Assignment - Reproduce word for word every line from the one containing "Tulipe TT Worlds's" to the final line of the data below; omit the pictures.

Data excerpt -
((
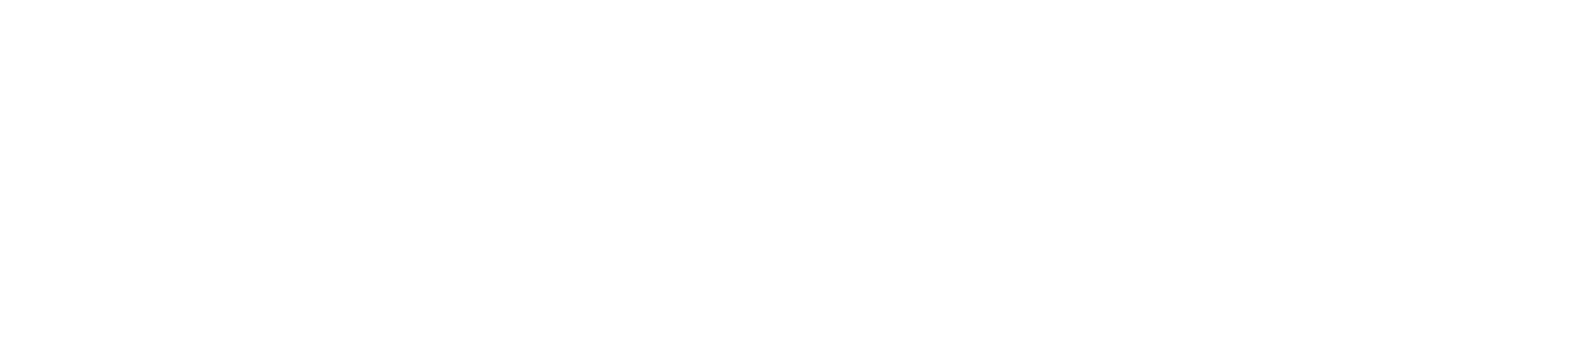 easyJet logo grand pour les fonds sombres (PNG transparent)
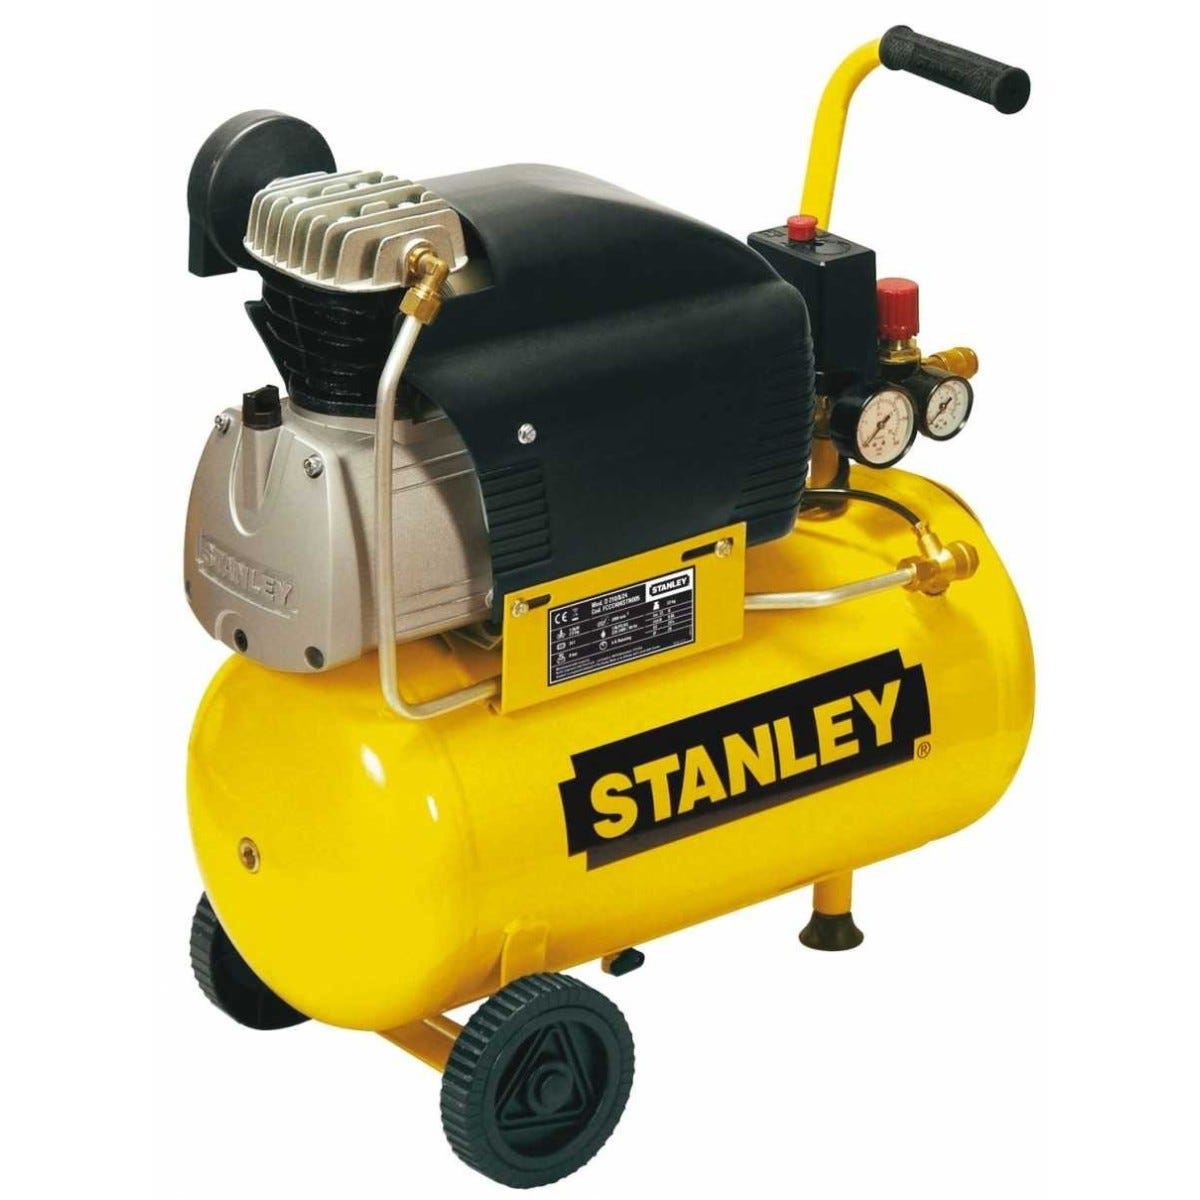 Compresseur Stanley 3 CV avec cuve verticale 90 litres
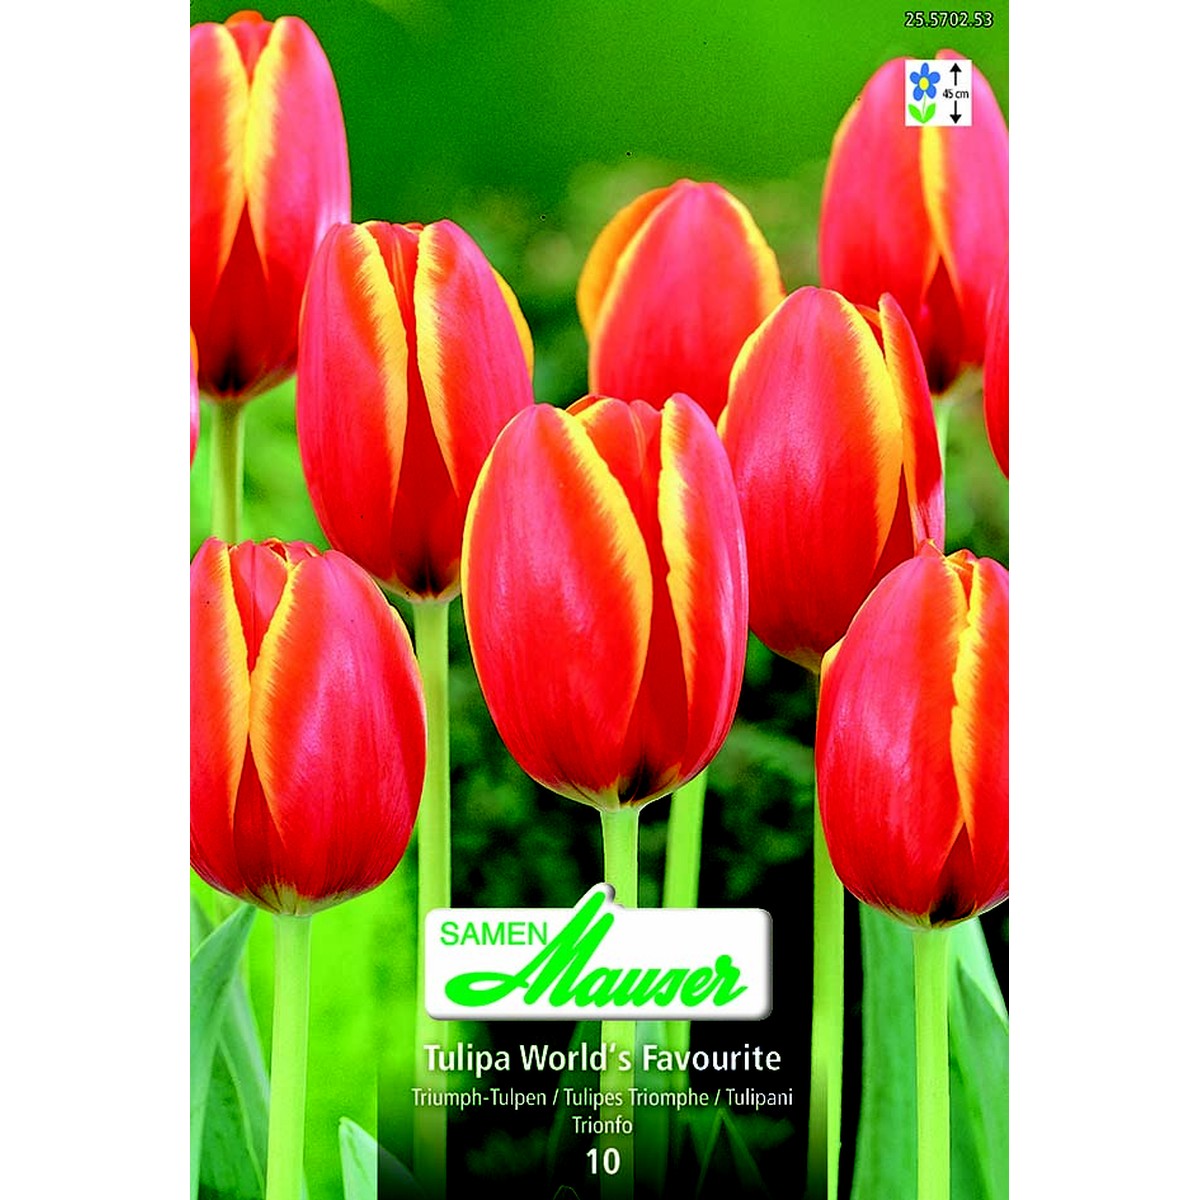   Tulipe TT Worlds's Favourite 10  12/
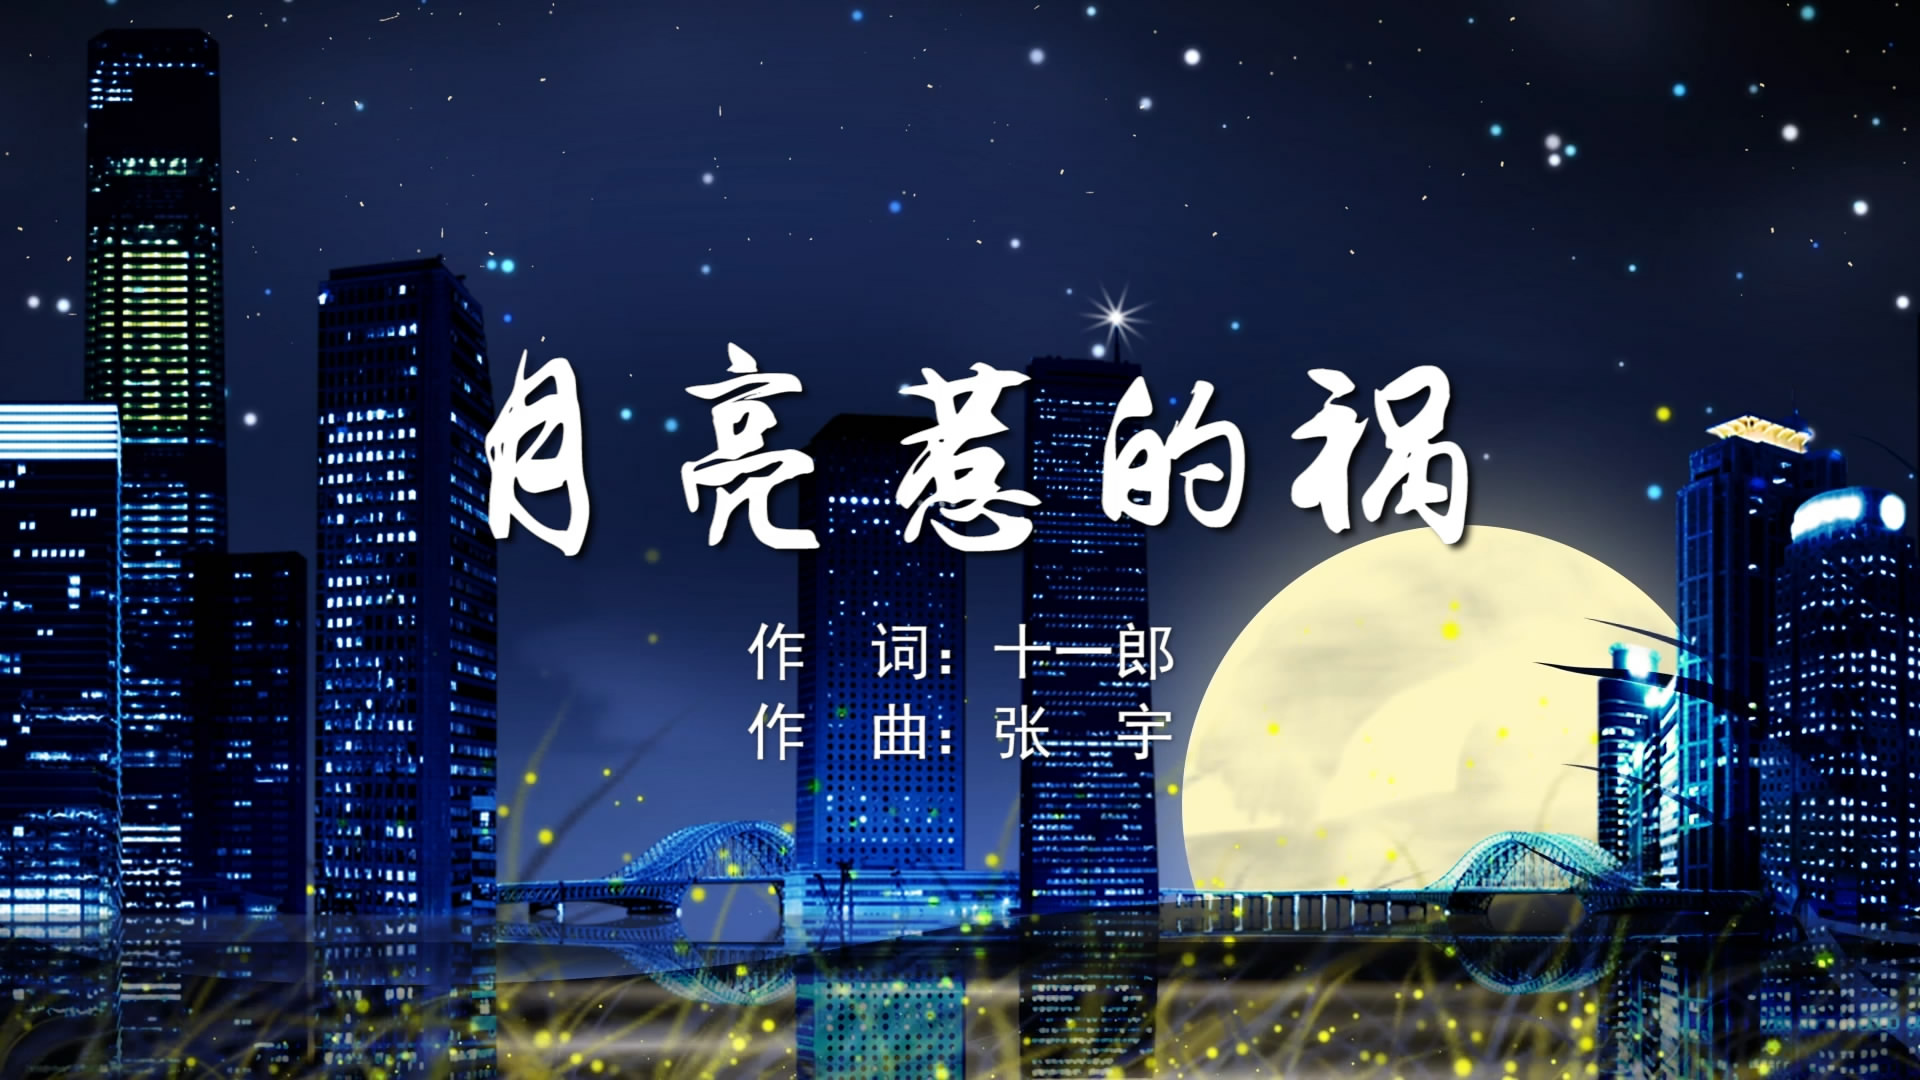 月亮惹的祸 张宇MV字幕配乐伴奏舞台演出LED背景大屏幕视频素材TV
))
Response -
   Tulipe TT Worlds's Favourite 10  12/
 月亮惹的祸 张宇MV字幕配乐伴奏舞台演出LED背景大屏幕视频素材TV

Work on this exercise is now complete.